DamienJurado_Casbah-02

Photos By: David Phillipich

By: Corey McComb

It’s Friday night at the Casbah and Seattle’s indie-folk legend Damien Jurado is here promoting his new album, Visions Of Us On The Land.

Released earlier this year, it’s the final installment of his Maraqopa album trilogy, in which Jurado left behind acoustic ballads for mythical storytelling and textured psychedelic rock.

Produced by Richard Swift and recorded up in the Oregon mountains, the trilogy began with 2012’s Maraqopa and was followed up with 2014’s Brother and Sisters of the Eternal Son. The highly conceptualized albums are based off a dream Jurado had where an unnamed character embarks on an existential odyssey after surviving a car crash, and wanders into a fictitious commune. The spiritual journey culminates with Visions as the character leaves the commune with a female companion. Jurado says, “It’s about a guy who disappears on a search, if you will, for himself and never goes home.

While his cult following may be looking forward to old favorites from a prolific discography that spans 20 years, Jurado is here tonight to unravel the saga of Maraqopa.

Ben Abraham, Australian crooner and Secretly Canadian label mate to Jurado, opens the show with warm melodies and a humble stage presence. As he finishes, a crowded back patio barely notices Jurado sneak onto the stage. He immediately sits down on the stool already waiting for him and summons the crowd in with the opening chords of “Silver Timothy”; the starting point of his character’s journey.
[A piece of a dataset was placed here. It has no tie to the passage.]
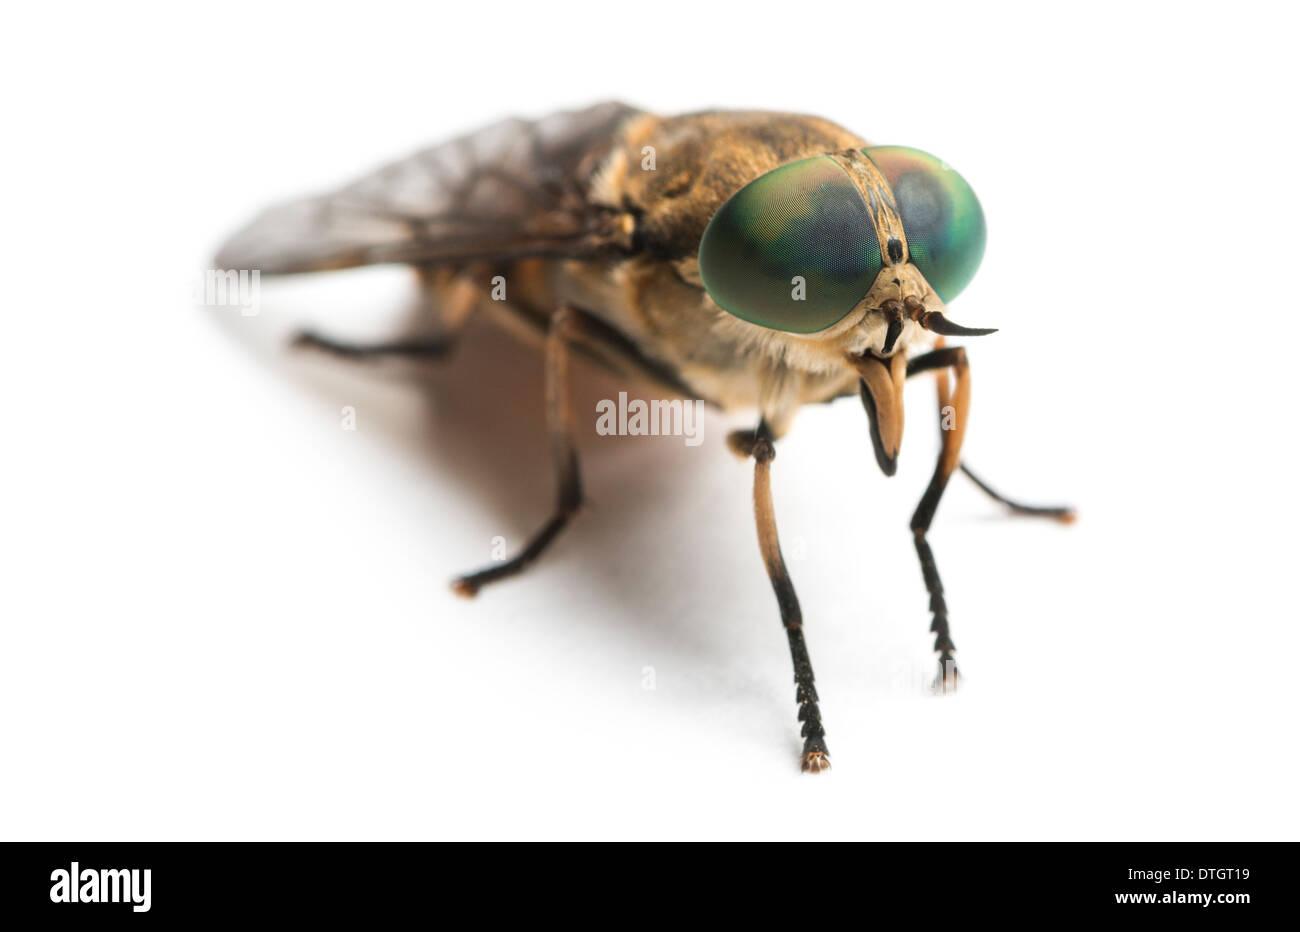 Horsefly, Tabanus, against white background Stock Photo

With his full band, The Heavy Light, around him, Jurado squints forward almost absently. His fingers curl up on a acoustic guitar and start the folkloric finger picking of “Magic Number”. A tapestry of eeriness is sent out by the keyboardist/sound engineer sitting next to him. Jurado howls through an echo chambered voice, “It’s my turn to confuse.”

Jurado’s hymns ring out in an esoteric purgatory somewhere between haunting and humming. He narrates with a wandering ghostliness on Visions first two singles, “Exit 33” and “QACHINA”, as the band meets him at the rural intersections of myth, self-actualization, and dream-weaving instrumentation. 

The guitarist to his right wields psychedelic riffs with the same rawness heard on the album, while eccentric drum fills hit with the power and vibration of falling timber. By the time “TAQOMA” is played, the Casbah’s landscape has become an Oregon forrest. Distorted basslines shovel into the ground and turn over soil. 

The pages of Jurado’s odyssey continue to turn with the rhythmic funk of “Walrus”, a song about escaping the commune, before leading into Maraqopa’s opener “Nothing is the News”. The pace is slowed and the night is ended with “Working Titles“.

Through a cinematic performance of hypnotic words and wailing walls of sound, Jurado and The Heavy Light put us all in the story tonight.

Floating in his geodesic eyes, the crowd is still rapt. He is still on his stool.